Vitamin K is not a single vitamin but a family of fat-soluble vitamins with a common core structure [1]. Members of this family can be divided into two groups: phylloquinone (Vitamin K1) and menaquinones (Vitamin K2). The entire family assists vitamin K-dependent carboxylase, which is an enzyme required to make proteins involved in blood clotting, bone metabolism, and other functions [2,3]. Despite this common function, K1 and K2 have different origins in nature and assume distinct roles in the body.

Two of the most notable members of the K2 family are MK-4 and MK-7. Here, MK stands for menaquinone, and the number refers to the length of a specific side chain in the molecule’s structure. While the longer side chain of MK-7 results in this molecule remaining in circulation for a longer period [4], their functions are similar.

Sources of K2

K2 is a product of bacterial fermentation, so fermented foods are major sources of K2 [1,2]. Small but significant amounts of K2 are produced by intestinal bacteria, although this amount varies due to individual microbiome differences [5].

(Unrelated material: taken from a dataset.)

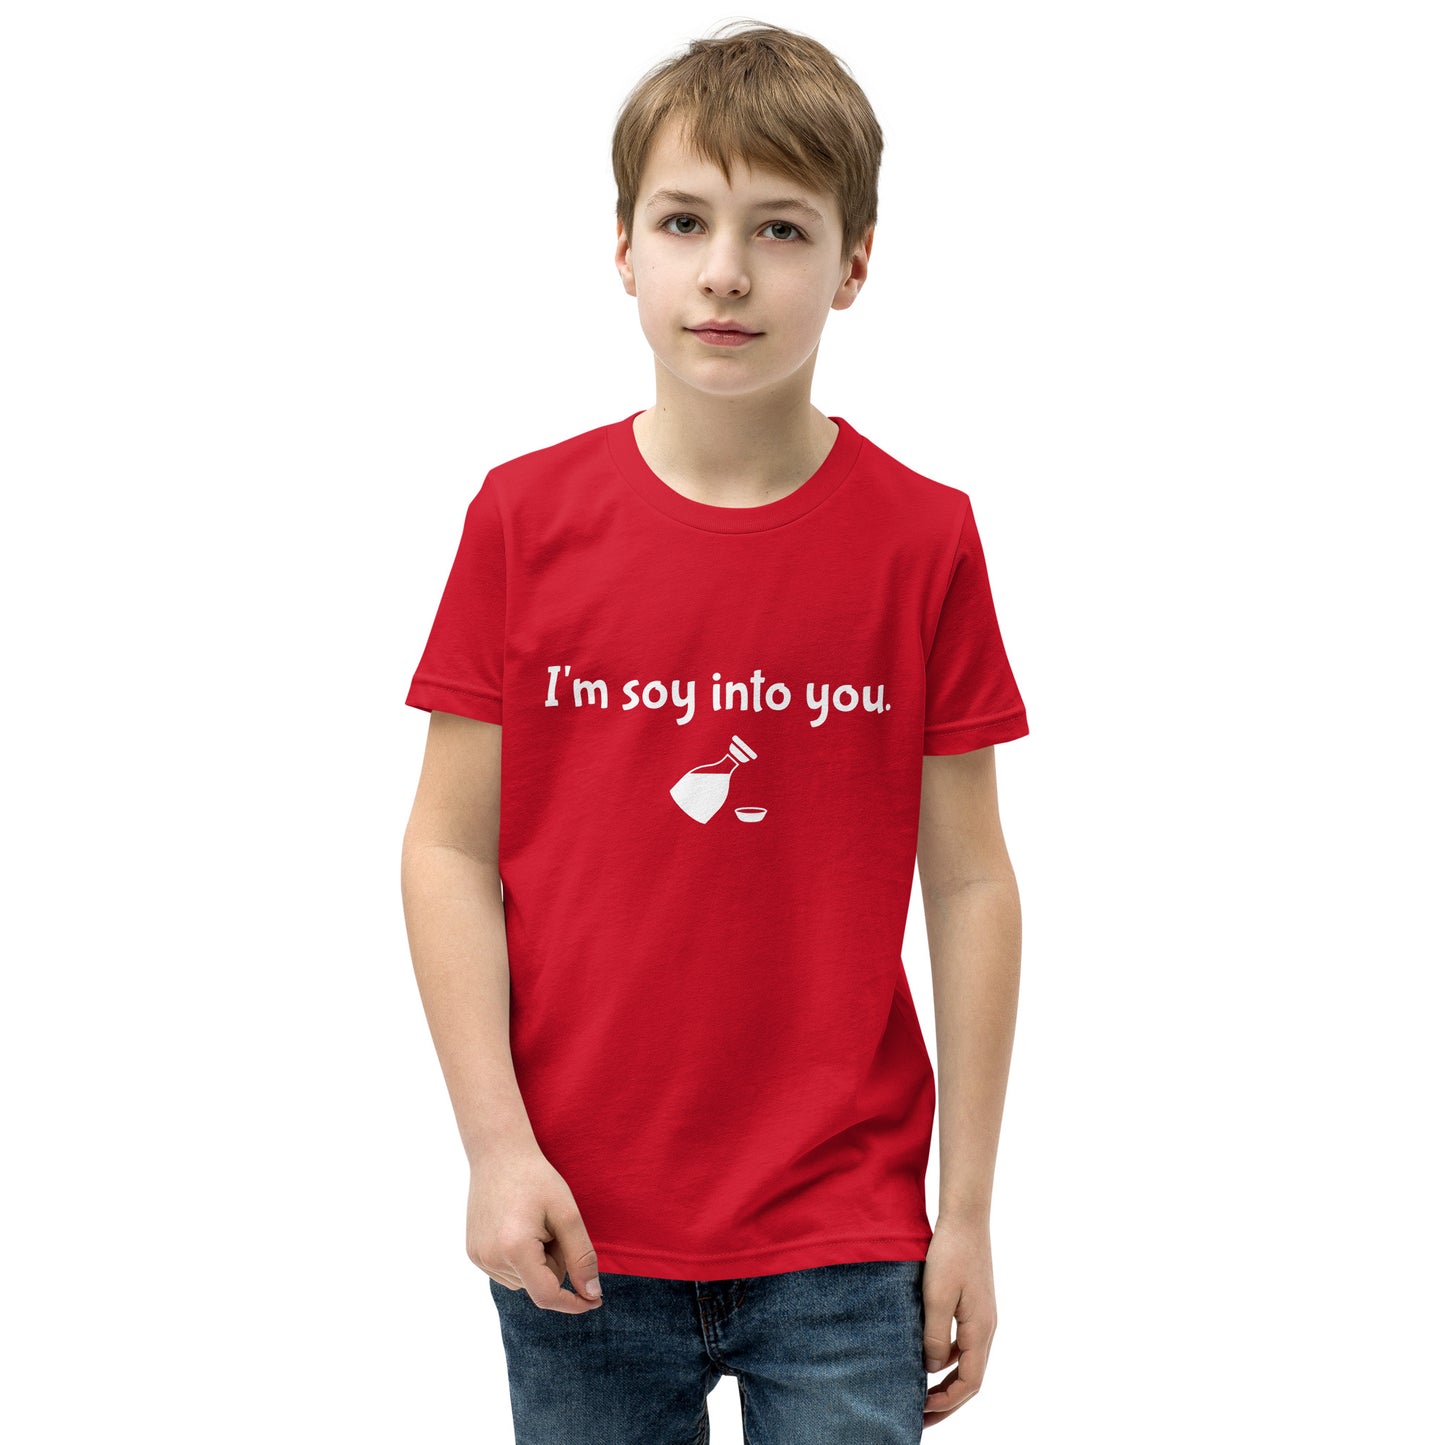 Youth Short Sleeve T-Shirt - I'm Soy Into You

Natto (a traditional Japanese food made from fermented soybeans) has considerable amounts of K2 [1,6]. The quantity of K2 in other fermented foods, such as soft cheese and sauerkraut, may vary according to the bacterial strains used in the fermentation. Animals can synthesize MK-4 from menadione, a synthetic form of vitamin K that is found in poultry and swine feed [7]. However, without knowing if menadione is added to their feed, these meats cannot be relied upon for their K2 content.

Interestingly, an analysis of microbiome gene expression revealed that Type 2 diabetics had an increase in K2 due to more K2-synthesizing bacteria [8].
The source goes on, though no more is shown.